I.
Dijital Şizofreni
Bir sabah uyanıyorsun, alarm değil iç sesin çalıyor. Saatin kaç olduğu değil, “ne paylaşacağım?” sorusu uykundan ediyor seni. Telefonun ekranına baktığında ne mesaj var, ne bildirim. Sadece sen ve dijital yalnızlığın. Bir story atsan? Ama ne yazacaksın? “Günaydın” mı, “sabırla” mı, “bugün de bitti” mi? Bunların hepsi seni anlatıyor gibi ama hiçbirinin altına girecek kadar yürekli hissetmiyorsun kendini. Çünkü ne yazarsan yaz, hep eksik kalıyor. Hep yavaş kalıyor. Hep geç. Çünkü ChatGPT senden önce yazdı bile.
Eskiden içerik üretmek, biraz çaba ve çokça cesaret meselesiydi. Kamerayı açmak bile başlı başına bir krizdi. “Sesim kötü çıkmış mı?”, “bu ışık beni yaşlı mı göstermiş?”, “bunu kim izleyecek ki?” gibi sorular eşliğinde dakikalarca intro kaydı almaya çalışırdın. Bugünse artık mesele görüntü değil, içerik değil, hız. Hatta belki hız da değil, üretmeden tükenmek. Çünkü sen henüz kendi sesini bulamamışken, o senin sesinle yazmaya başlamış bile. Sen daha bir fikri çiğnerken, o on versiyonunu pişirip servis etti.

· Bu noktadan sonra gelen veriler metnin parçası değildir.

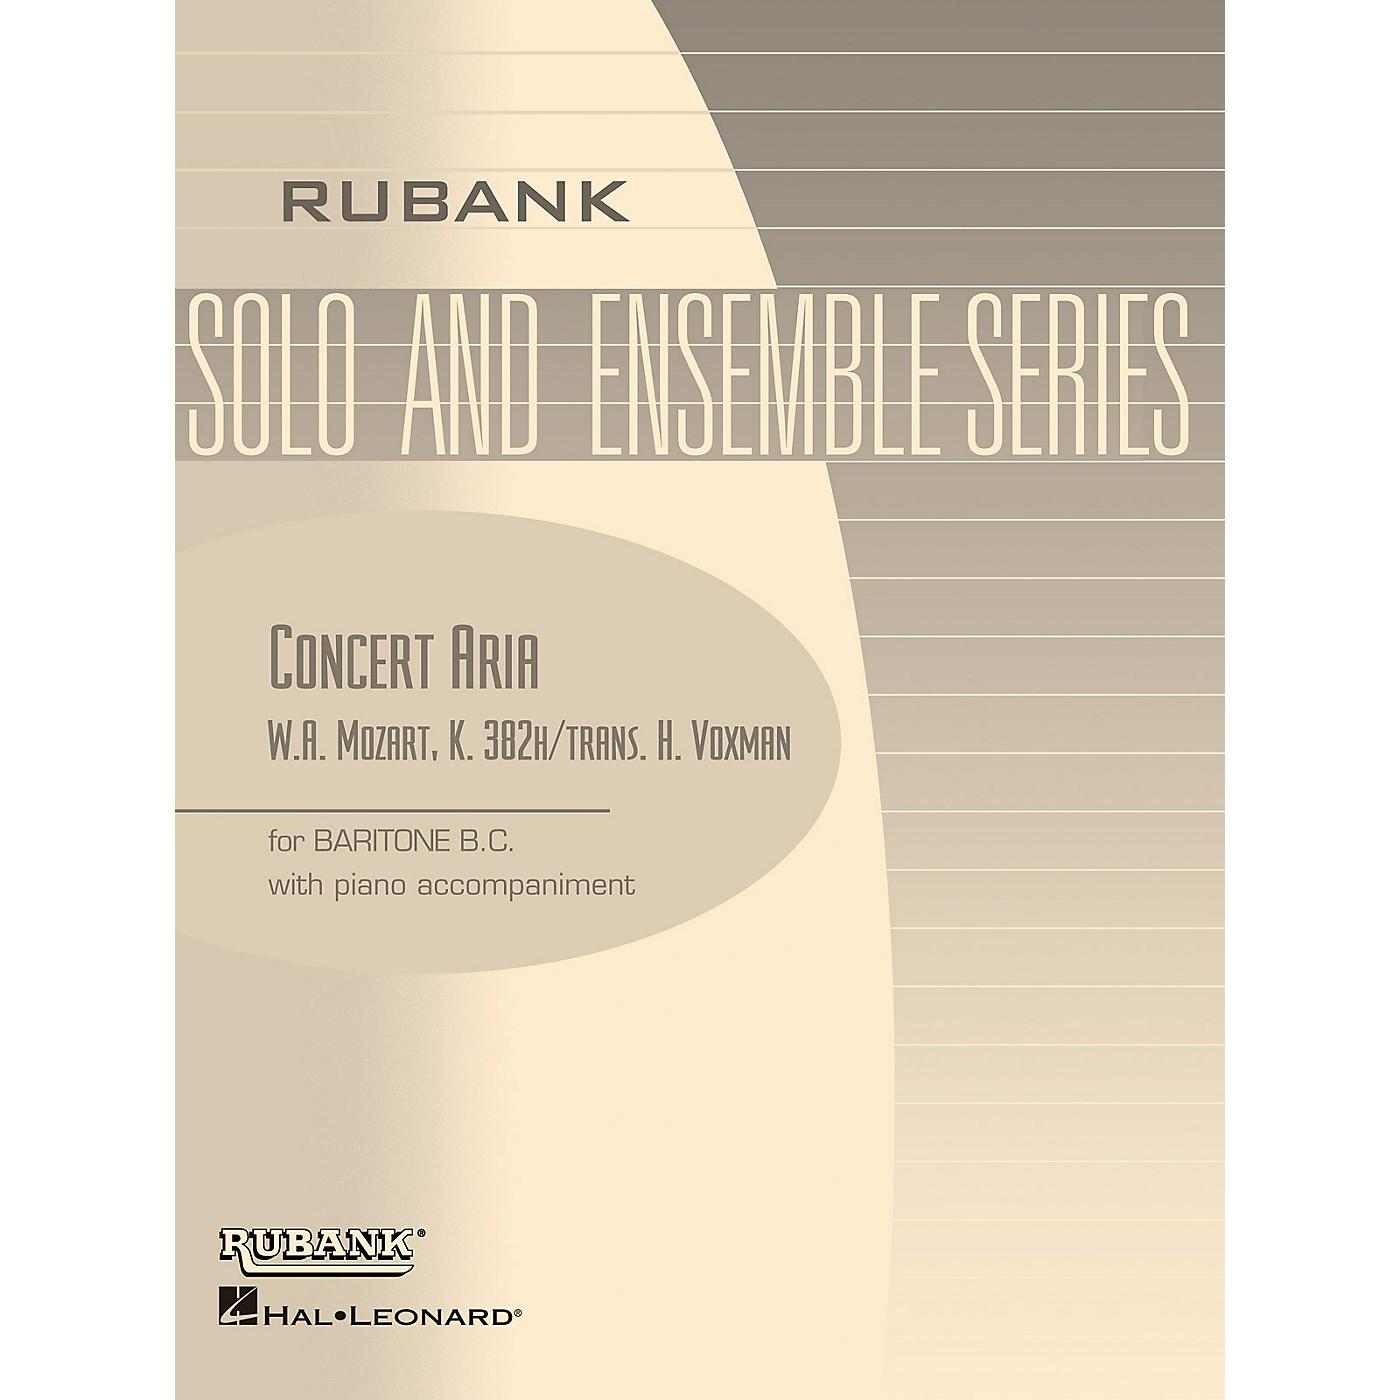 Rubank Publications Concert Aria, K. 382h (Baritone B.C. Solo with Piano - Grade 3.5) Rubank Solo/Ensemble Sheet Series thumbnail

Hatta yanına garnitür bile ekledi. Şık başlıklar, algoritmaya uygun açıklamalar, SEO’ya göz kırpan etiketler… Sen hâlâ ne hissettiğini çözmeye çalışırken o çoktan hissettirmişti.
İçerik artık bir üretim değil, bir varoluş biçimi. Üretmezsen yoksun. Görünmezsin. Hatırlanmazsın. O yüzden herkes bir şeyler üretmek zorunda hissediyor. Her gün. Her saat. Belki de her dakika. Ve işin kötüsü, bu üretim bir çeşit tüketim. Kendini tükete tükete üretiyorsun. İçini boşaltarak anlatıyorsun. Ne kadar açık, o kadar iyi. Ne kadar gerçek, o kadar samimi. Ama ChatGPT için durum böyle değil. Onun içi yok. Ne boşalıyor ne doluyor. Ne anlatıyor ne susuyor. Sadece yanıt veriyor. Senin yerine. Senin dilinle. Senin kadar — belki de senden daha iyi.

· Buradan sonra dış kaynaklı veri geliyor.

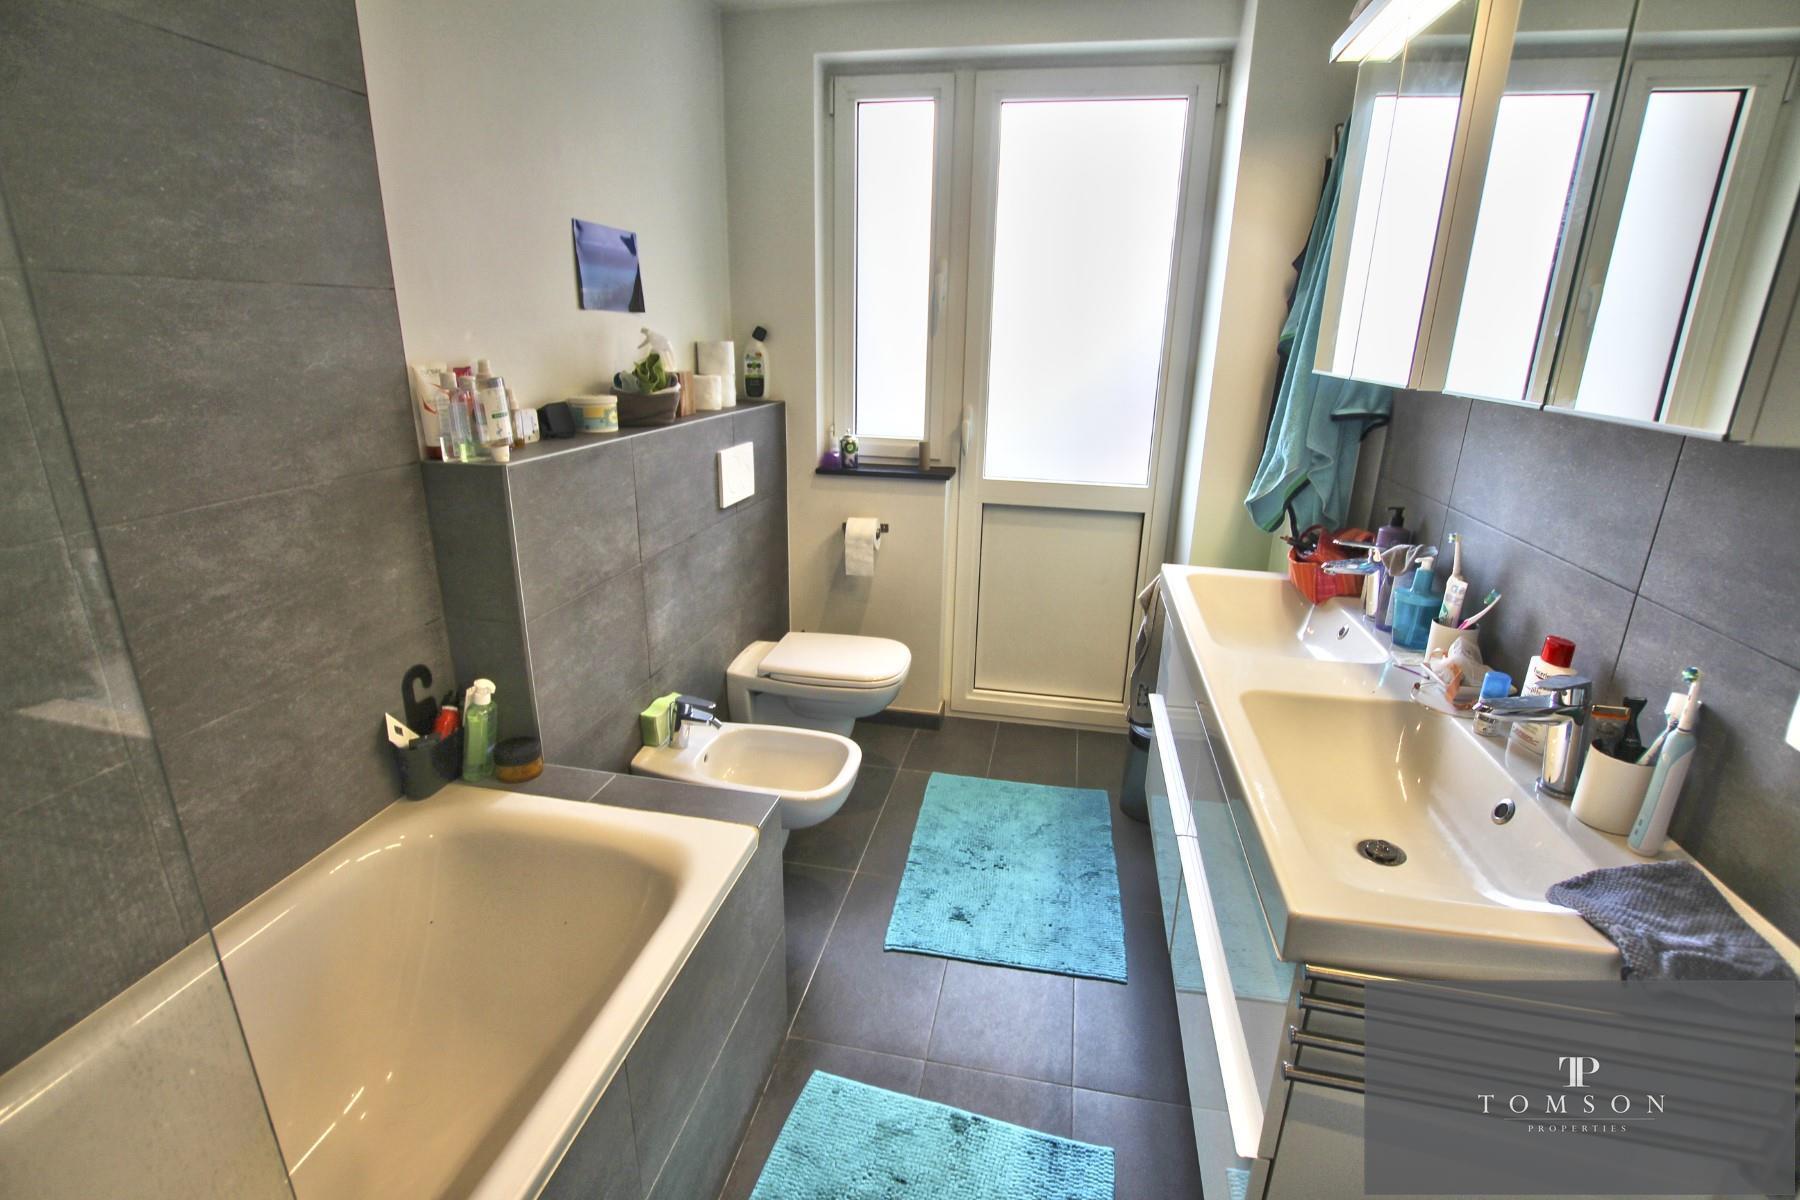 Appartement exceptionnel - Woluwe-Saint-Pierre - #4324789-8

Bir zamanlar blog açmak için haftalarca düşünen insanlar vardı. Şimdi bir prompt yazıyorsun: “30 yaş üstü kadınlar için kış önerileri,”. Bir bakmışsın, tam sayfa içerik hazır. Giriş cümlesi duyarlı, gelişme bölümü bilgi dolu, sonuç kısmı etkileyici. Sen hâlâ “başlığa nokta koyayım mı?” derdindeyken o bütün post dizisini çıkardı. Yazarken ilham aramaz. İlham onun için sadece bir veri setidir. Üzüntüyü “duygusal ton”, mutluluğu “neşeli ifade” olarak işaretler. Senin tüm kırılganlıkların, onun dilinde sadece bir stil seçeneğidir. Ve bu, ne acı.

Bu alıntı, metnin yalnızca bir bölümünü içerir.